Minnesota Economic Indicators
by Dave Senf
Note : All data except for Minnesota’s PMI have been seasonally adjusted. See the feature article in the Minnesota Employment Review, May 2010, for more information on the Minnesota Index.
The Minnesota Index advanced for the first time this year in May, inching up 0.1 percent. May’s 138.1 reading was slightly below the peak reading of 138.4 reached in January. The small increase was caused by a jump in average weekly manufacturing hours as the state’s unemployment rate was unchanged as was wage and salary employment. The U.S. Index also increased 0.1 percent in May. Minnesota’s index growth had lagged the U.S. every month in 2019 before matching the national gain in May.
May’s readings was up 1.1 percent for Minnesota and 2.8 percent for the U.S. on an over-the-year basis. The over-the-year gap between the two indices implies that over the last 12 months the U.S. economy has expanded more than twice as fast as Minnesota’s economy. Both indices will be revised when more up-to-date employment and unemployment rate data become available. Revisions are unlikely to reverse Minnesota’s lagging economic growth relative to the U.S. pace since the middle of 2018.
Minnesota’s adjusted Wage and Salary Employment was essentially unchanged in May with only 100 jobs added. April’s job addition was also revised down significantly from 3,600 to only 200. Minnesota’s seasonally adjusted wage and salary employment is down 2,600 through the first five months of the year. Only five other states are reporting wage and salary employment loss between December 2018 and May 2019. The other states are Iowa (3,300), Connecticut (2,800), Wisconsin (2,500), Oklahoma (2,100), and Hawaii (1,100).
Private sector payrolls were up only 400 jobs in May while public sector payrolls declined by 300 jobs. Professional and Business Services was the only supersector to add more than 1,000 jobs, but Leisure and Hospitality as well as Manufacturing each reduce their workforces by more 1,000 workers. Five supersectors boosted employment, five supersectors cut employment, and the other supersector, Mining and Logging, held employment steady. Employment was up only 0.1 percent from a year ago using unadjusted job numbers in Minnesota compared to 1.5 percent for the U.S. Minnesota job growth in the first half of 2019 is likely to be revised higher next March when the data are benchmarked, but job growth this year looks to be headed towards its slowest pace since 2010.

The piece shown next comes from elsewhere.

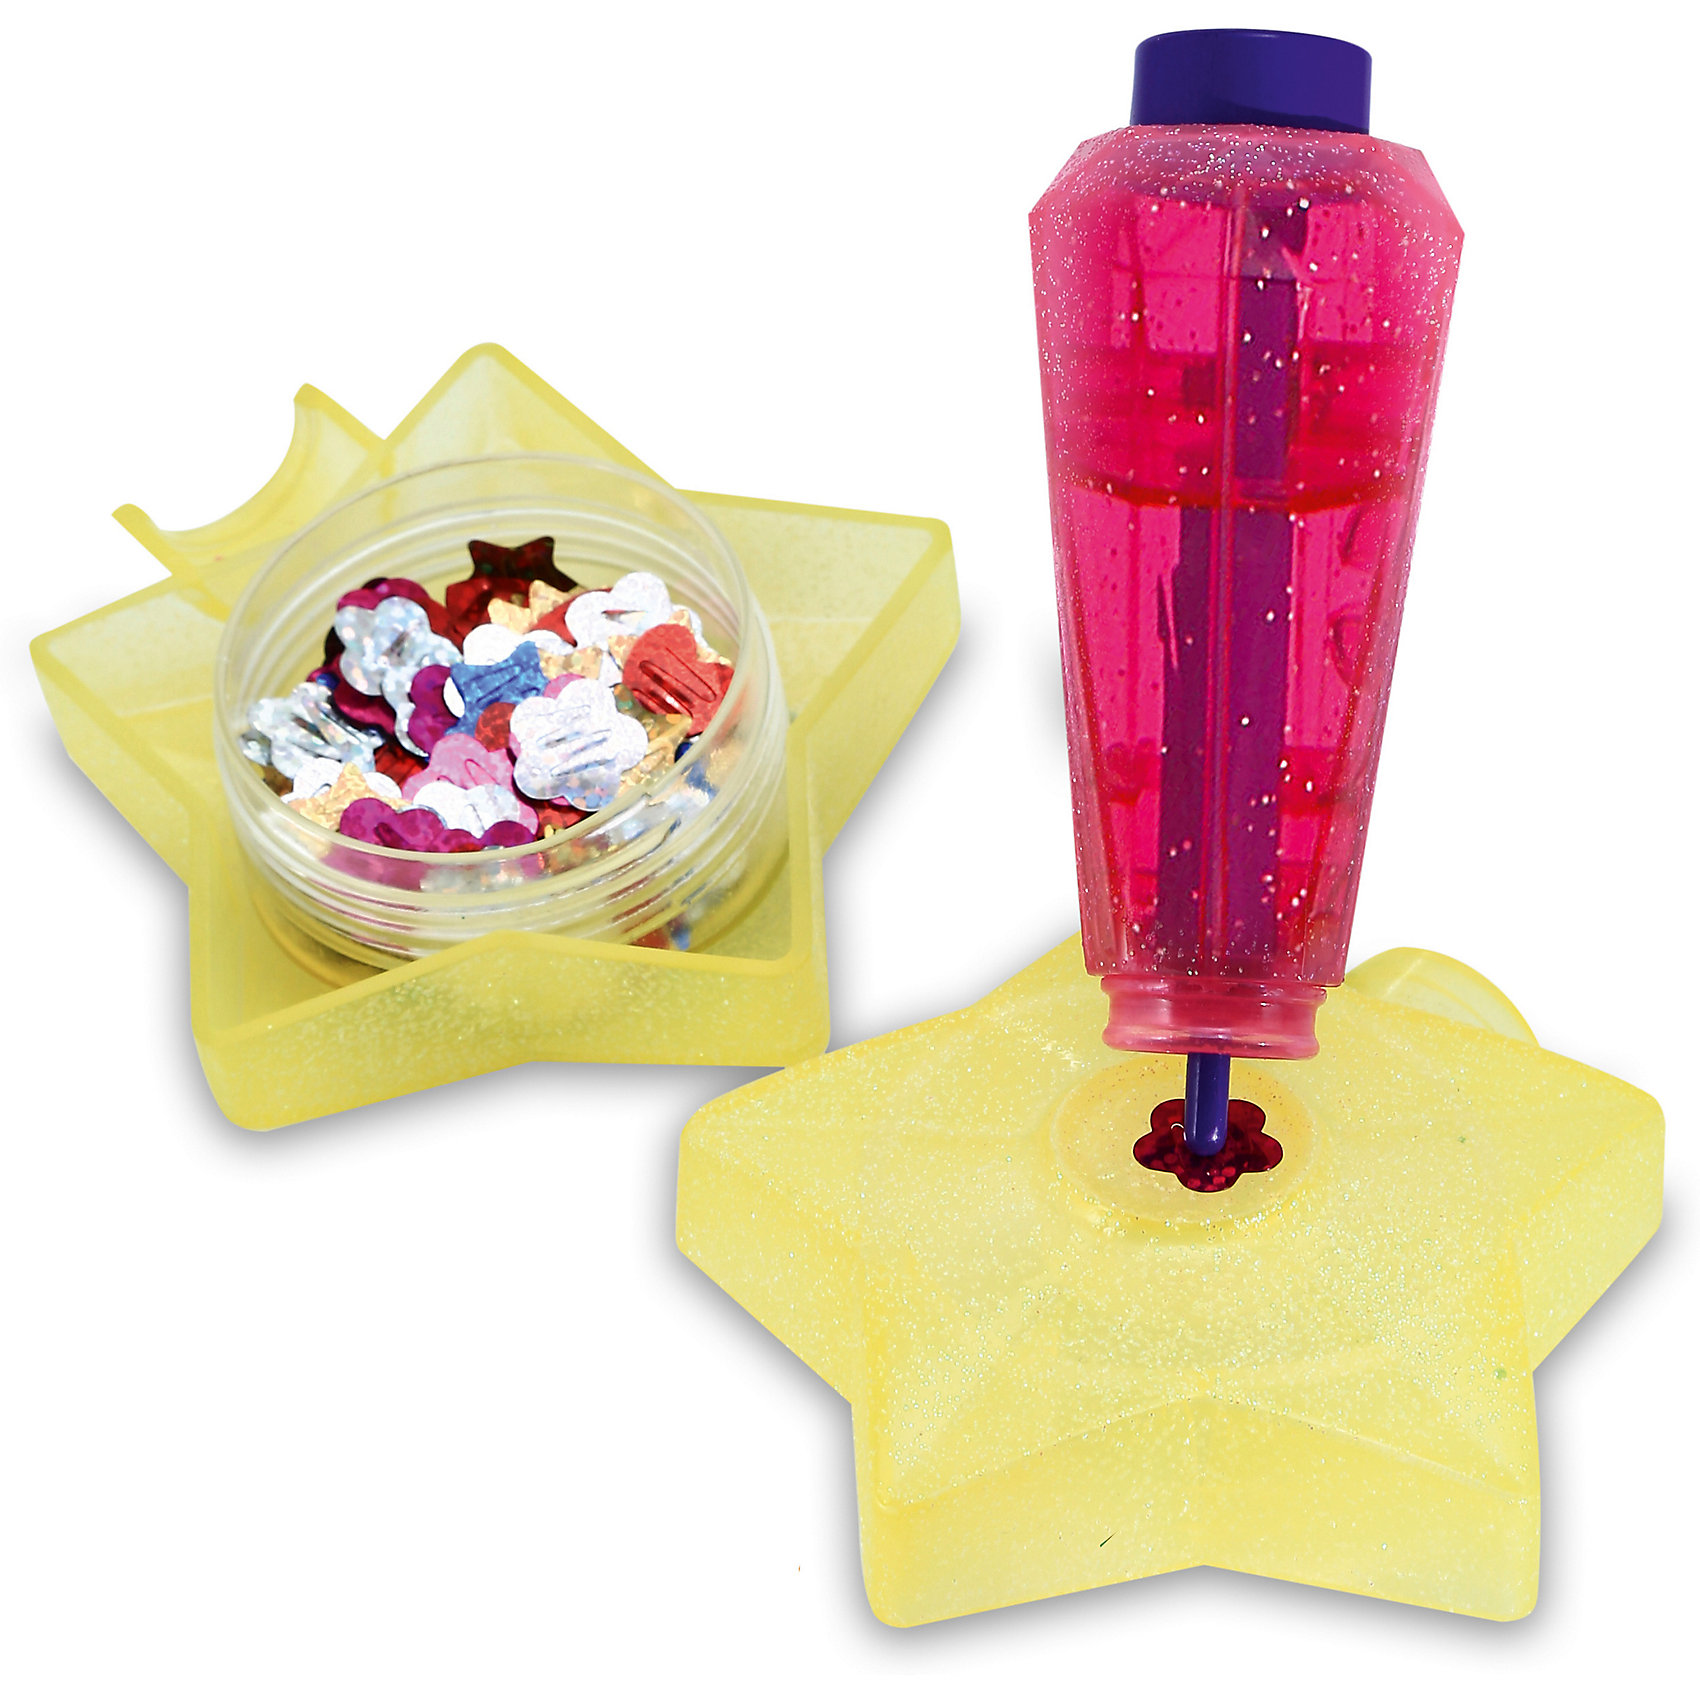 фото Мягкая игрушка Shimmer Stars Панда с сумочкой, 20 см

Online Help-Wanted Ads reversed direction in May and rose to a record high of 149,100. Online postings jumped 7.6 percent in Minnesota and 2.6 percent nationally. Minnesota’s share of online help-wanted ads climbed to 2.8 percent while its share of U.S. wage and salary employment remained at 2.0 percent.
Minnesota’s Purchasing Managers’ Index (PMI) climbed moderately for the second month in a row, inching up to 55.0 in May from 54.5. Both the comparable indices, the Mid-America Business Index and the national PMI, retreated in May to 54.3 and 52.1 respectively. Minnesota’s reading has been basically flat over the last eight months, implying that manufacturing activity has been expanding in Minnesota but at a middling rate.
Adjusted average weekly Manufacturing Hours bounced up again in May to 40.8 hours, the longest factory workweek of the year. Factory hours had been slipping since last August, so May’s uptick is a welcome development. The longer workweek boosted average weekly Manufacturing Earnings adjusted for inflation and seasonality to $923.50 in April, setting a record high in the 49-year series for the second straight month. Real manufacturing paychecks before seasonal adjustment are running 3.2 higher over the first five months of 2019. Real factory paychecks climbed 2.4 percent in 2018.
After slipping into negative territory during the previous three months, the Minnesota Leading Index climbed to 0.5 percent in May. May’s reading, while positive, is still pointing towards very slow economic growth in Minnesota over the next six months. The U.S. leading index came in at 1.3 which indicates that the national economy will be growing more than twice as fast as Minnesota’s economy over the rest of the year.
Residential Building Permits inched up in May to 2,563 which is solidly higher than the 47-year monthly average of 2,098. On an unadjusted basis home-building permits are up 16.6 percent from a year ago through the first five months and at the highest first five month total since 2006.
Adjusted Initial Claims for Unemployment Benefits (UB) dipped in May for the third time this year, this time to 15,441, the lowest level since last September. May’s initial claims level is the lowest recorded since 1970 when the ratio of initial claims to total wage and salary employment is used to adjust for employment growth over the years.